▸ **Data provided**

******************************

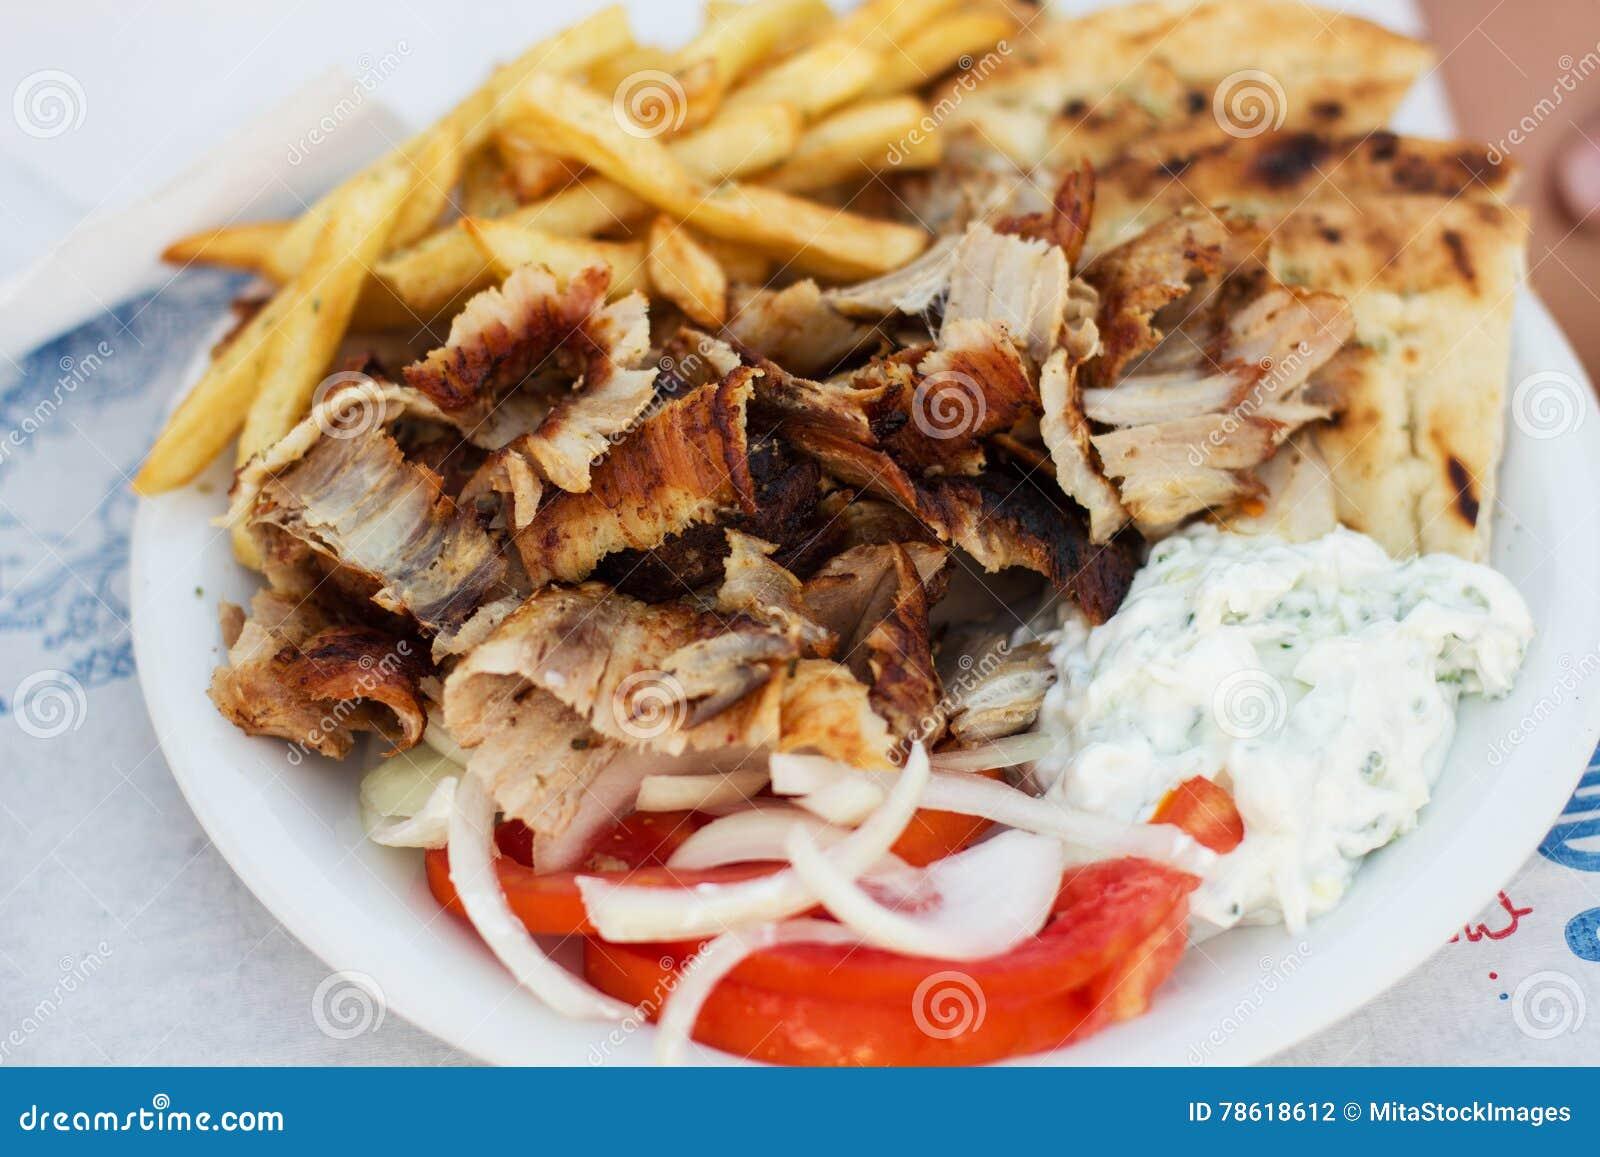 Greek Fast Food
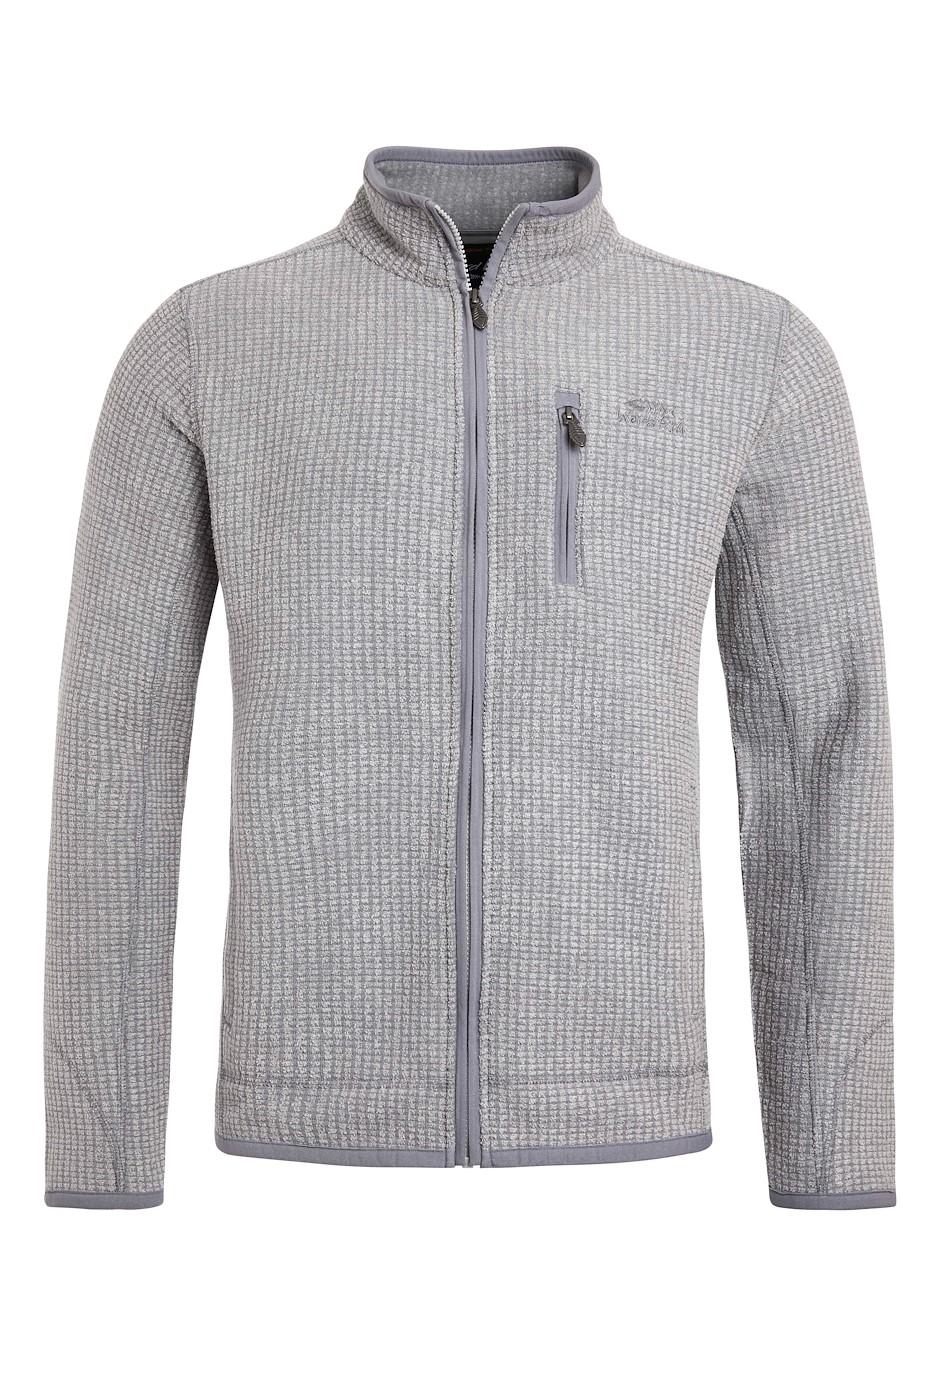 Rossten Full Zip Grid Fleece Tall Frost Grey
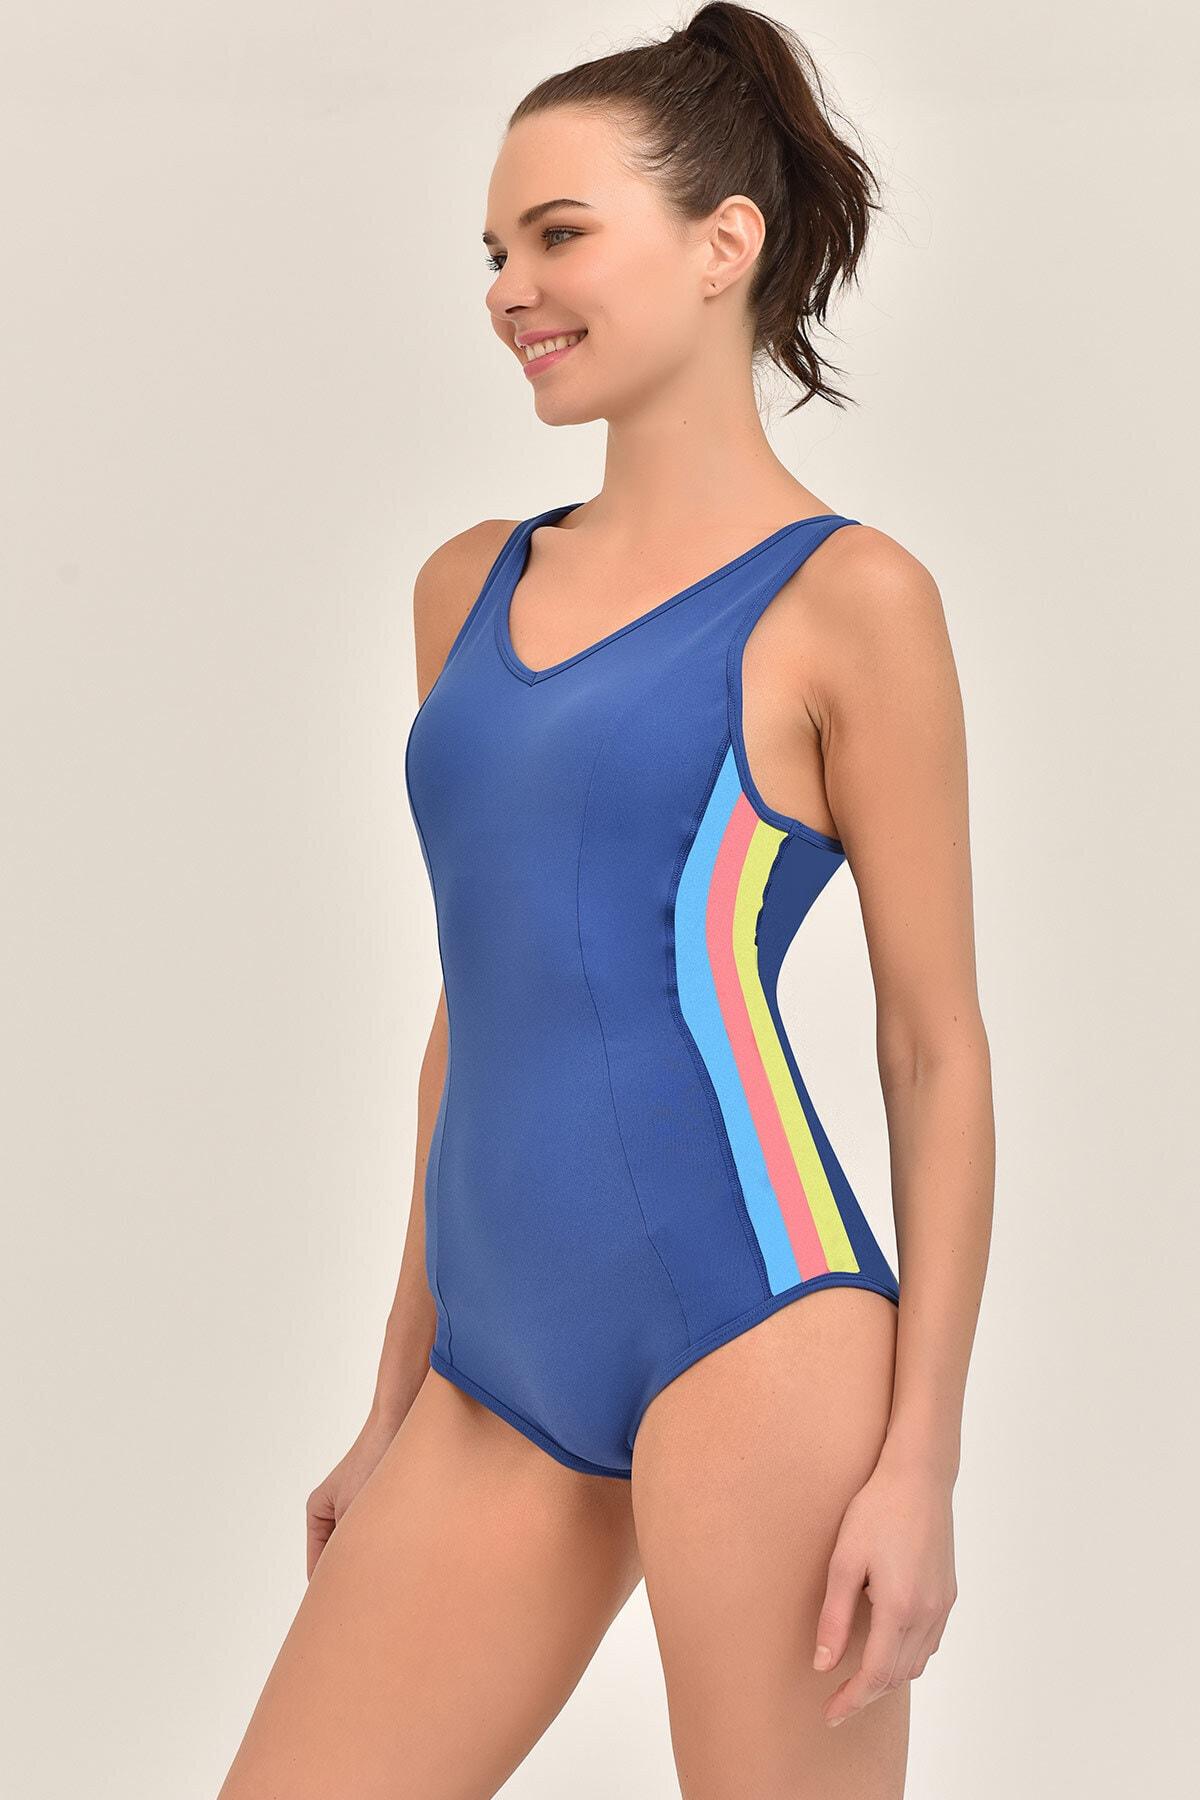 bilcee Mavi Kadın Alttan Çıt Çıtlı Spor Mayo GS-8061 1

******************************

▸ **Task details**
All of the lines above should be copied exactly, apart from the pictures.

▸ **Response area**
 Greek Fast Food
 Rossten Full Zip Grid Fleece Tall Frost Grey
 bilcee Mavi Kadın Alttan Çıt Çıtlı Spor Mayo GS-8061 1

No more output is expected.